«Вдруг нужного человека нет?» — подумал Бертье. Может, и нет. Но в то же время Бертье представил, как преступник в темноте зала подкрался к кому-то, оплетает человека невидимой паутиной. Как он это делает? Не без помощи техники, очевидно. Снимает биотоки с мозга намеченной жертвы, записывает на пленку. Чтобы потом — с пленки — внедрить другому человеку. Естественно, за вознаграждение.
От мысли, что преступление происходит рядом и что жертвой может стать он, Бертье, из его головы вынут мысли, сознание, инспектору не по себе. Порывисто Бертье оборачивается к залу.

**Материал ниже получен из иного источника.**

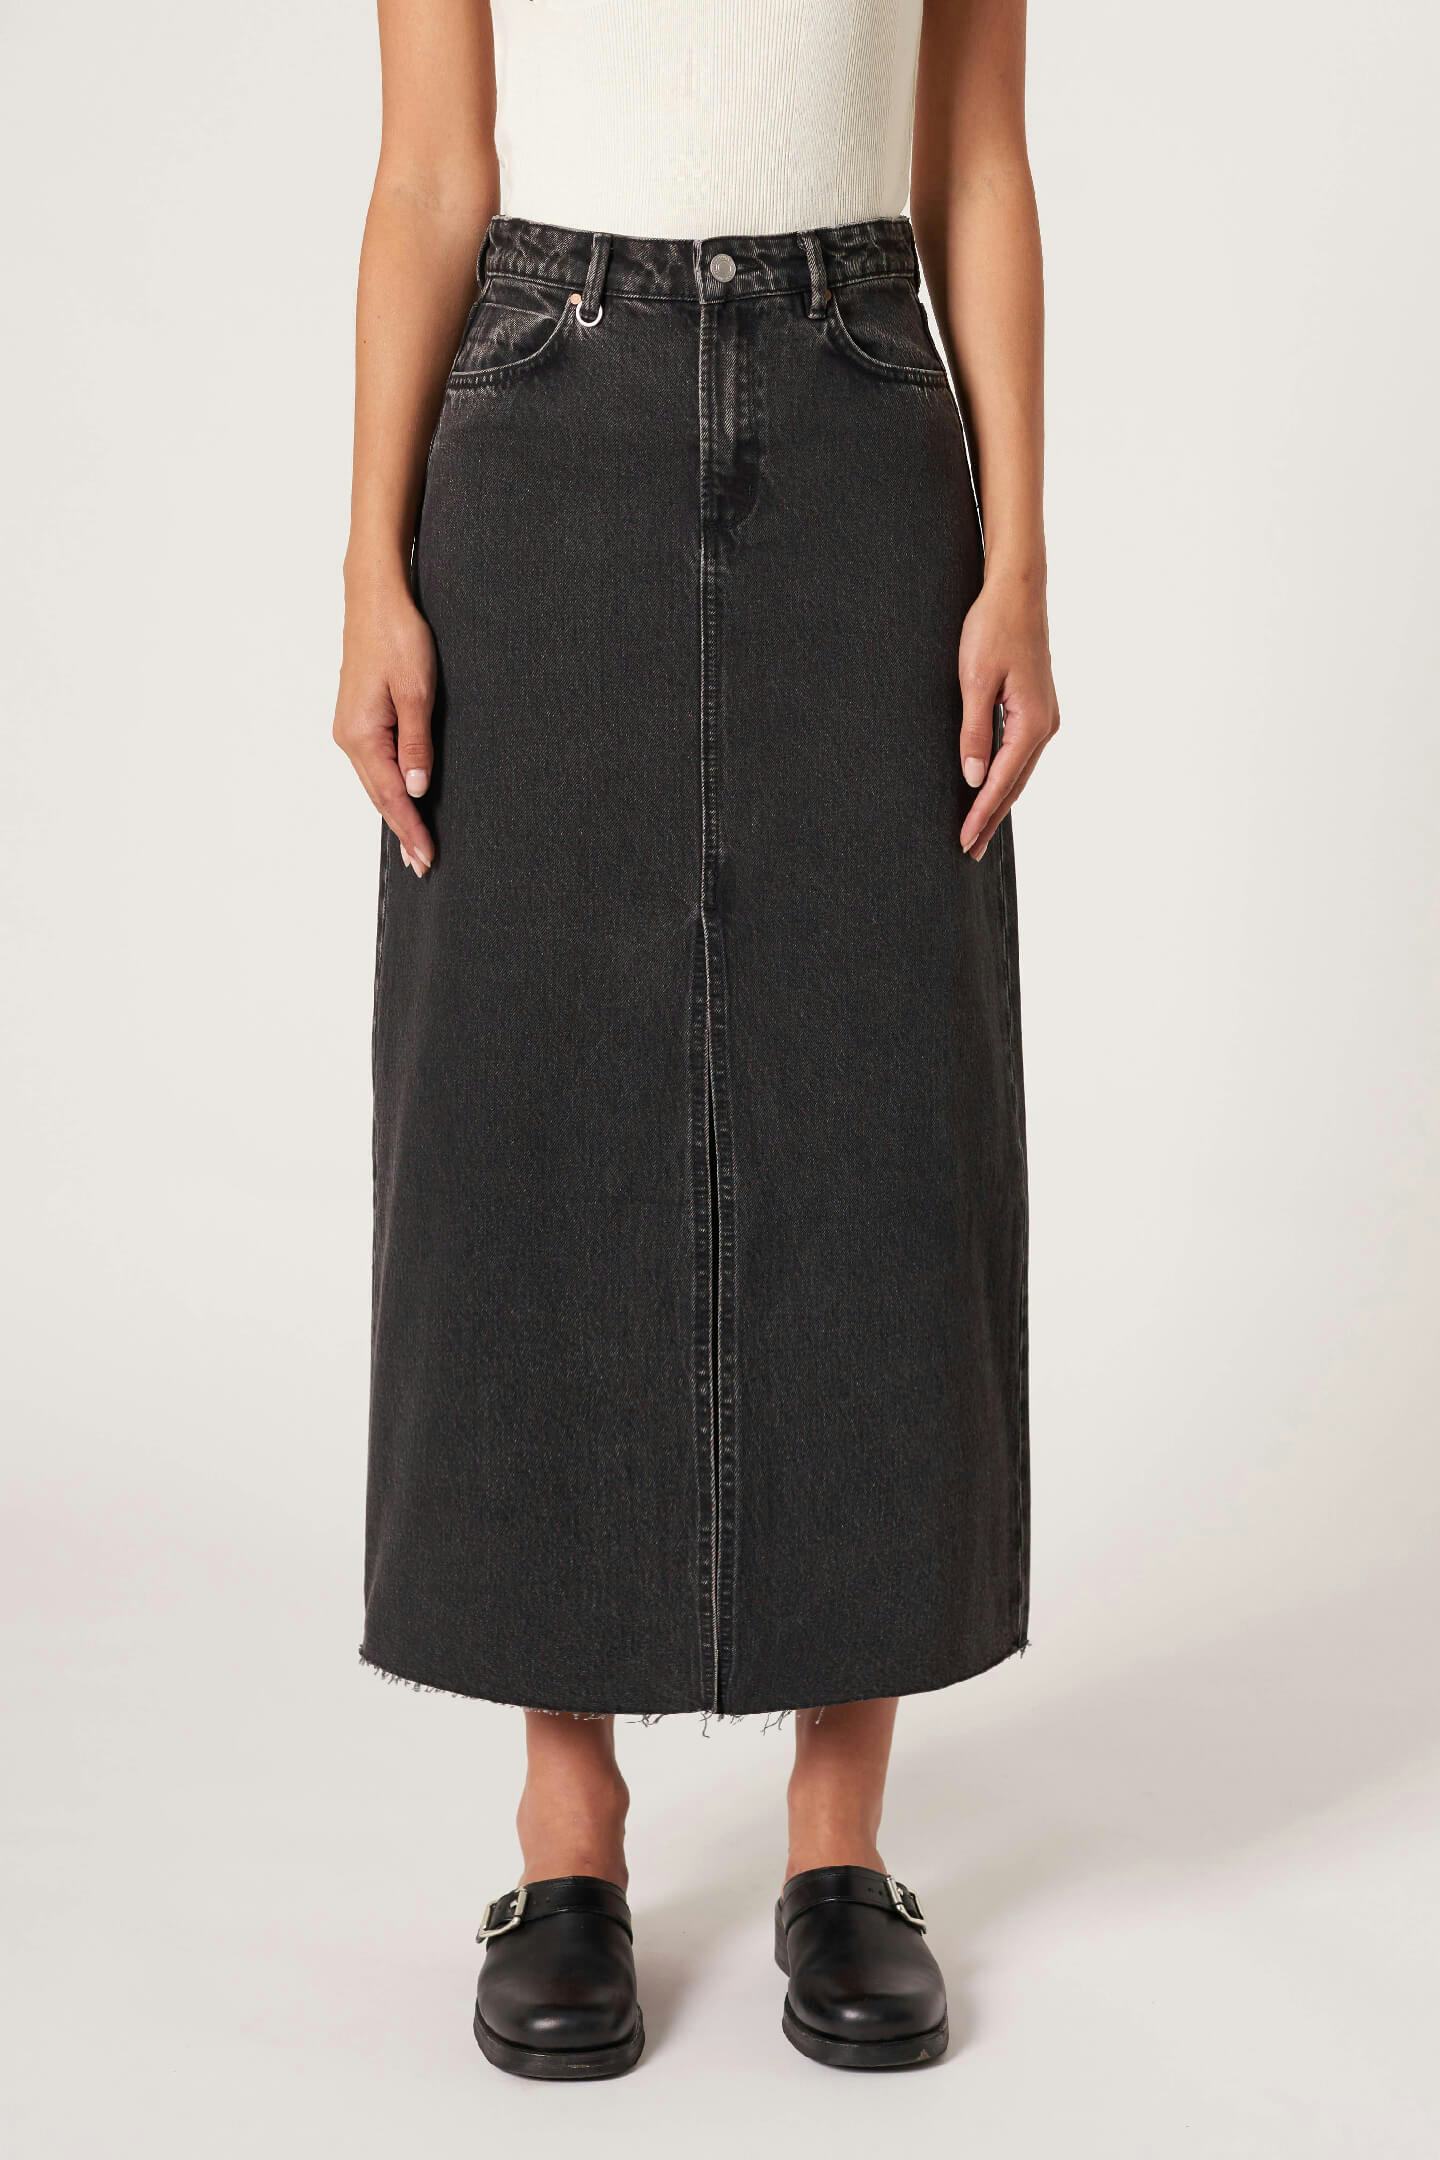 Darcy Maxi Skirt - Granite Neuw maxi black womens-skirts

Словно в ответ зал озаряет яркая вспышка. «Франк…» В наступившей мгновенно тишине что-то металлически звякнуло, покатилось по полу. В следующее мгновение зал взорвался.

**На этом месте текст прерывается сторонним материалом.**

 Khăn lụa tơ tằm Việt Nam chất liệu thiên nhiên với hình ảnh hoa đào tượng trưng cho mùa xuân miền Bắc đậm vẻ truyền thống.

— Пожар! — закричало несколько голосов.
Вспыхнул свет, зрители кинулись к выходам.
— Пожар!..
Служители распахнули двери, зал быстро пустел.
Только один человек ползал на коленях, отыскивал что-то между рядами стульев. Да еще один, растерянно озираясь, не мог понять, в какую сторону, в какую дверь выйти, — глаза у него были стеклянные. «Клод Матен…» — узнал режиссера Бертье.
Но все его внимание сосредоточилось на человеке, который что-то искал между стульями. Бертье подошел к нему. Заметил плоский, наподобие карманного фонаря, предмет, откатившийся к плинтусу, незаметно прижал его подошвой ботинка.
Человек шарил по полу, отыскивая пропажу. «Так я и знал, — думал Бертье, останавливаясь над ним. — Тот, кто имеет цель что-то спасти, не будет ослеплен паникой. Будет спасать не только себя, но и свое изобретение. Чистая случайность, что прибор выпал из рук преступника. К счастью».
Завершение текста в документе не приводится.